Kontroverse Podiumsdiskussion: „Organknappheit? Wie lösen?“
Das trifft auch für menschliche Organe zu. Diesem Thema widmete sich am Abend des ersten Tages eine Podiumsdiskussion unter der Leitung von Ulrike Finkenstedt, an der der Innsbrucker Transplantationschirurg Raimund Margreiter, die deutsche Sozialwissenschaftlerin und Publizistin Erika Feyerabend, der deutsche Gesundheitsökonom Thomas Rudolf und der Innsbrucker Theologe Józef Niewiadomski teilnahmen. Dabei konnte zwar weder geklärt werden, ob es so etwas wie „Organknappheit“ überhaupt gibt, noch wie sie zu lösen wäre, die Diskussion lieferte aber zahlreiche, teils heftig diskutierte Ansätze zu beiden Fragen. So könnte das Beheben eines Mangels an Organen durchaus an der Unersättlichkeit menschlichen Begehrens scheitern, wofür weder monetäre Anreize noch andere Versuche, die Spendenbereitschaft zu erhöhen, viel ändern können. Doch wurde auf diesem Wege auch klar, dass weder die Medizin, noch die Ökonomie und auch nicht die Ethik allein die letzte Antwort auf diese Frage geben können. Vielmehr braucht es den klugen Ausgleich zwischen dem Machbaren, dem Finanzierbaren und dem Wünschbaren, um Leid sowohl von den Empfängerinnen und Empfängern als auch von den Spenderinnen und Spendern fernzuhalten.

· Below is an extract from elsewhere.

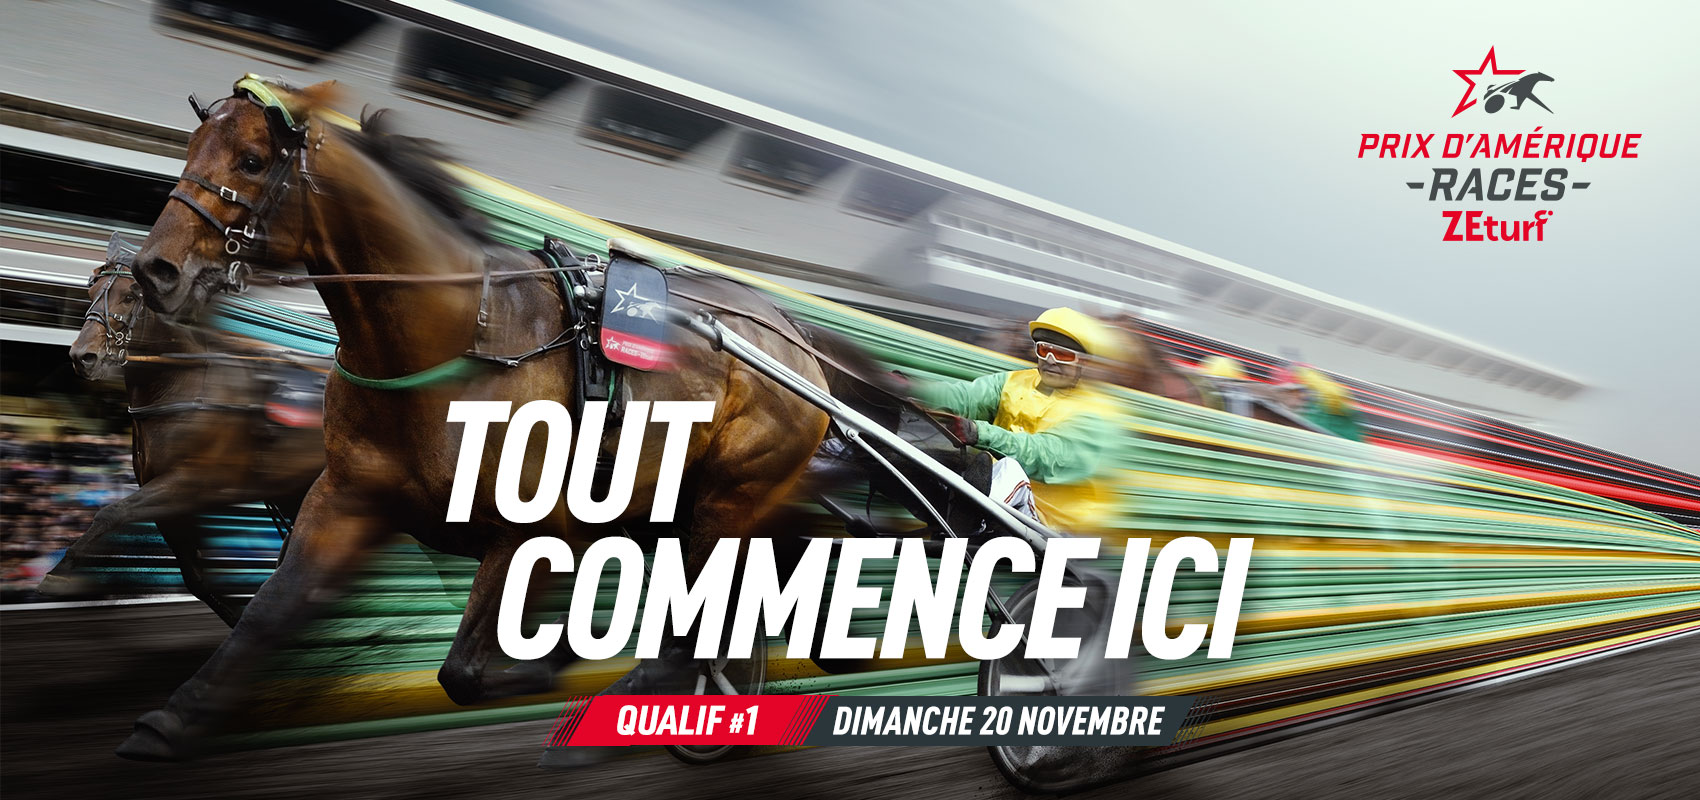 La bande annonce du Prix d’Amérique Races ZEturf Qualif 1 – Prix de Bretagne

Die Serie wird fortgesetzt
Aufgrund des erneut großen Erfolges der diesjährigen Tagung haben die Planungen für das 3. Wirtschaftshistorische Symposium 2009 bereits begonnen. Es wird sich mit Fragen aus dem Themenfeld „Globalisierung“ beschäftigen, wieder interdisziplinär ausgerichtet und frei zugänglich sein. Die Ergebnisse des Symposiums wies man auch nachlesen können. Bereits für den Herbst ist die Publikation der Tagungsbeiträge geplant. Dies trifft auch schon für das erste Symposium zu, dessen Inhalte Gegenstand des Sammelbandes „Von Menschenhandel und Menschenpreisen“ ist, der bei innsbruck university press und im Buchhandel erhältlich ist.